Tabbed Windows: Patented!

by on April 24, 2007 · 34 comments

You’ll be shocked to hear that yet another patent trolling company has sued a major technology company over a vague software patent. Ars has the scoop. In this case, the plaintiff is “IP Innovation, LLC,” the defendant is Apple, and the patent in queston is this one, covering “User interface with multiple workspaces for sharing display system objects.”

I’ve gotten too busy to do a full “software patent of the week” writeup every week, but this certainly looks like it would be a juicy one. It’s got all the elements that make software patents so pernicious: it’s extremely vague, making it impossible for other software companies to be sure whether their products infringe on it. It’s extremely broad, apparently covering a variety of general characteristics of windowing systems. As the Ars article indicates, there’s likely to be prior art. Finally, it’s extremely wordy, with 62 loquacious claims and dozens of pages describing this “technology” in excruciating detail.

I’ve ranted about all of those problems before, so let me just make a brief policy observation: would anyone seriously claim that granting legal monopolies on the general characteristics of windowing systems is either necessary or helpful to the progress of the software industry? Microsoft and Apple spent the late 1980s and early 1990s battling it out for dominance of desktop computing, introducing numerous important innovations in GUI design.
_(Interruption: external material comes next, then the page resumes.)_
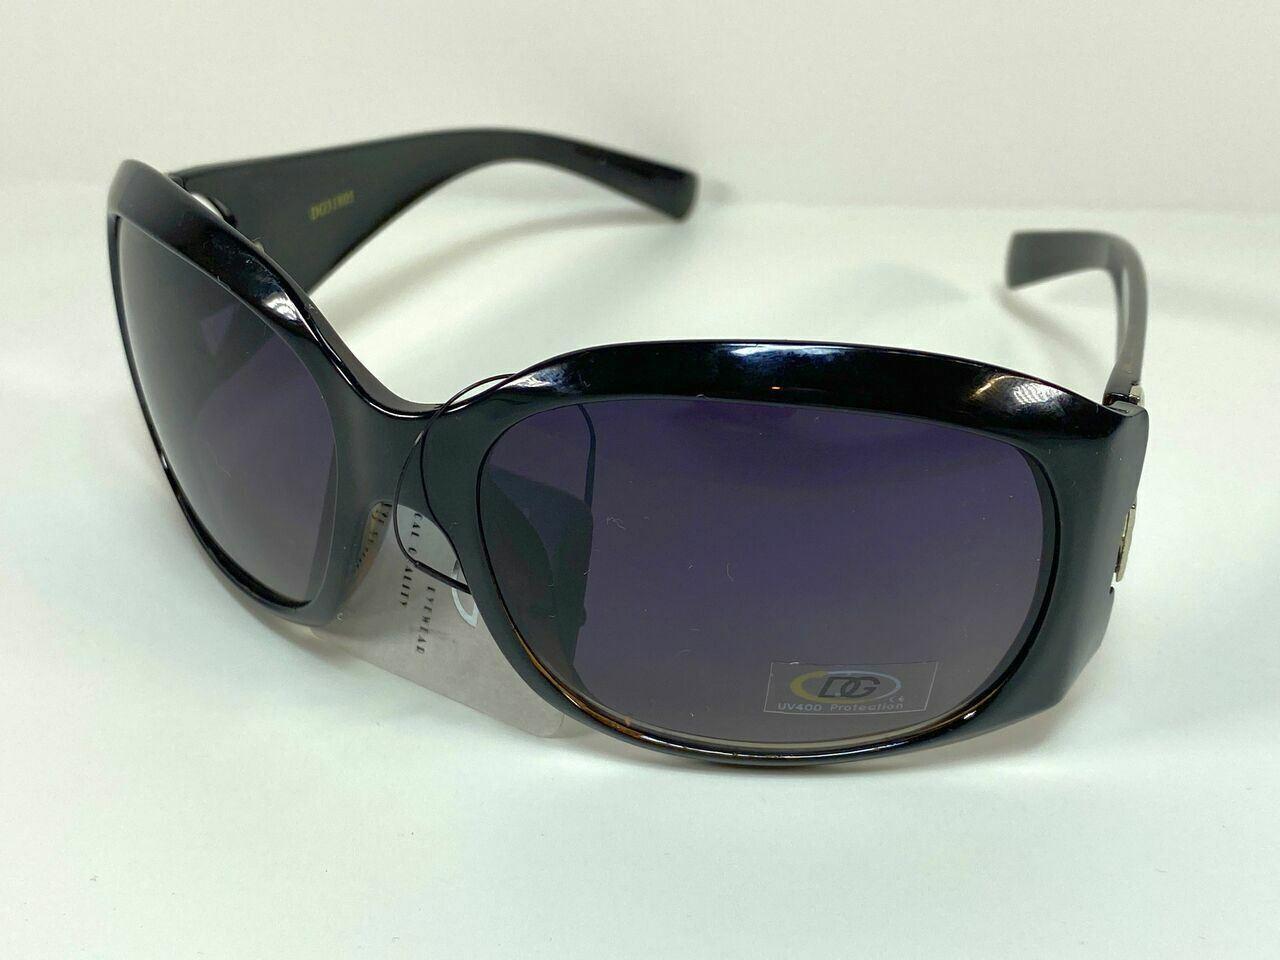 BNWT DG Eyewear Fashion Sunglasses - Women - Black - DG31805

It’s hard to imagine Apple saying “Gosh, I just thought of a great new feature to add to Mac OS System 7, but it will cost a million dollars to develop it and Microsoft will just copy it in Windows 95. So why bother?” Apple and Microsoft copied each other promiscuously (well, OK, Microsoft mostly copied Apple) and consumers benefitted from it. Apple certainly would have liked to prevent Microsoft from copying their innovations (and in fact, they tried very hard to do so) but they ultimately were not able to do so. Does anyone think that consumers would be better off today if the courts had prohibited Microsoft from imitating Apple’s UI innovations?